═══ Working data ═══

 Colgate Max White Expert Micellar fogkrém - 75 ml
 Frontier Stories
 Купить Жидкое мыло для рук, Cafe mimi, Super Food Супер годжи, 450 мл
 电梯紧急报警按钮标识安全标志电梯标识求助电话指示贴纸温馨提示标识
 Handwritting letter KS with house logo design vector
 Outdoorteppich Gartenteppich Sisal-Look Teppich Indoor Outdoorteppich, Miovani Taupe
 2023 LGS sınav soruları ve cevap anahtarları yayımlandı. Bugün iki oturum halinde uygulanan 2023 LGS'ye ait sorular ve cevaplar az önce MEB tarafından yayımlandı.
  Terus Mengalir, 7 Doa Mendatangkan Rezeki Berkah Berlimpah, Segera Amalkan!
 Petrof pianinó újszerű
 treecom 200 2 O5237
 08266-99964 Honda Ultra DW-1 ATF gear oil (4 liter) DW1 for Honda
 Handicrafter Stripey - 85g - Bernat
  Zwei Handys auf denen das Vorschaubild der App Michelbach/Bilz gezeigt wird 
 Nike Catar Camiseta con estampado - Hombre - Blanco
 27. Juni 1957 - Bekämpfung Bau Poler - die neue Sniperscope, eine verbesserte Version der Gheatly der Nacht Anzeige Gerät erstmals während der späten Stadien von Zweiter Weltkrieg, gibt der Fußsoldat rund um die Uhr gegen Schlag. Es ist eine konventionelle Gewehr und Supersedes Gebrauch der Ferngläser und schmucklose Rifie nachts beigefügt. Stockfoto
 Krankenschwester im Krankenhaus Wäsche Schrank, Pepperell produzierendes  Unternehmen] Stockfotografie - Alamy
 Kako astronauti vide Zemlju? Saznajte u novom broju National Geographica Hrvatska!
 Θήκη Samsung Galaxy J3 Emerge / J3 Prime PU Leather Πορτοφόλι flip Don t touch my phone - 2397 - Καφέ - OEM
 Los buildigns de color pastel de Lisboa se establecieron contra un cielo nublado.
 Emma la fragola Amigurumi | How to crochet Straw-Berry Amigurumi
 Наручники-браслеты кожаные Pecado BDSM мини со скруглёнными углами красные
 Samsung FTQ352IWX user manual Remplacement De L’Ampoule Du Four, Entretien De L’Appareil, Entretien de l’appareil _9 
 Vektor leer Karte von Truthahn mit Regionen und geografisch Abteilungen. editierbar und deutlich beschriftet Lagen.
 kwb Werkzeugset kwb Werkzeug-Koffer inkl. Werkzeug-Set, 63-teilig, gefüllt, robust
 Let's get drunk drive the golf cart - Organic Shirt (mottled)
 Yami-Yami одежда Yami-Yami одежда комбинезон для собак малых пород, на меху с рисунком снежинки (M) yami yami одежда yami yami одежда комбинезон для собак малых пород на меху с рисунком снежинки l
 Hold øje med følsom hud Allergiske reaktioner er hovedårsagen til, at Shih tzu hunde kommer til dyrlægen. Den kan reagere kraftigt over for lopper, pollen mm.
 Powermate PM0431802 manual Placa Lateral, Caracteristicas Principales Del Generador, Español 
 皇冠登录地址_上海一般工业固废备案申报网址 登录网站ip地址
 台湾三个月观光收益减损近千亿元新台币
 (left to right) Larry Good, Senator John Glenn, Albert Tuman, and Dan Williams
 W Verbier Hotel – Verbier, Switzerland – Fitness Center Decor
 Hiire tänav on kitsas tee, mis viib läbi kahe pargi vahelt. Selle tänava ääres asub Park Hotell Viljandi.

═══

## Work instructions
Write out the lines above, starting at the line that contains "Powermate PM0431802 manual" and ending with the final line, and nothing else; copy them exactly.

## Response box
 Powermate PM0431802 manual Placa Lateral, Caracteristicas Principales Del Generador, Español 
 皇冠登录地址_上海一般工业固废备案申报网址 登录网站ip地址
 台湾三个月观光收益减损近千亿元新台币
 (left to right) Larry Good, Senator John Glenn, Albert Tuman, and Dan Williams
 W Verbier Hotel – Verbier, Switzerland – Fitness Center Decor
 Hiire tänav on kitsas tee, mis viib läbi kahe pargi vahelt. Selle tänava ääres asub Park Hotell Viljandi.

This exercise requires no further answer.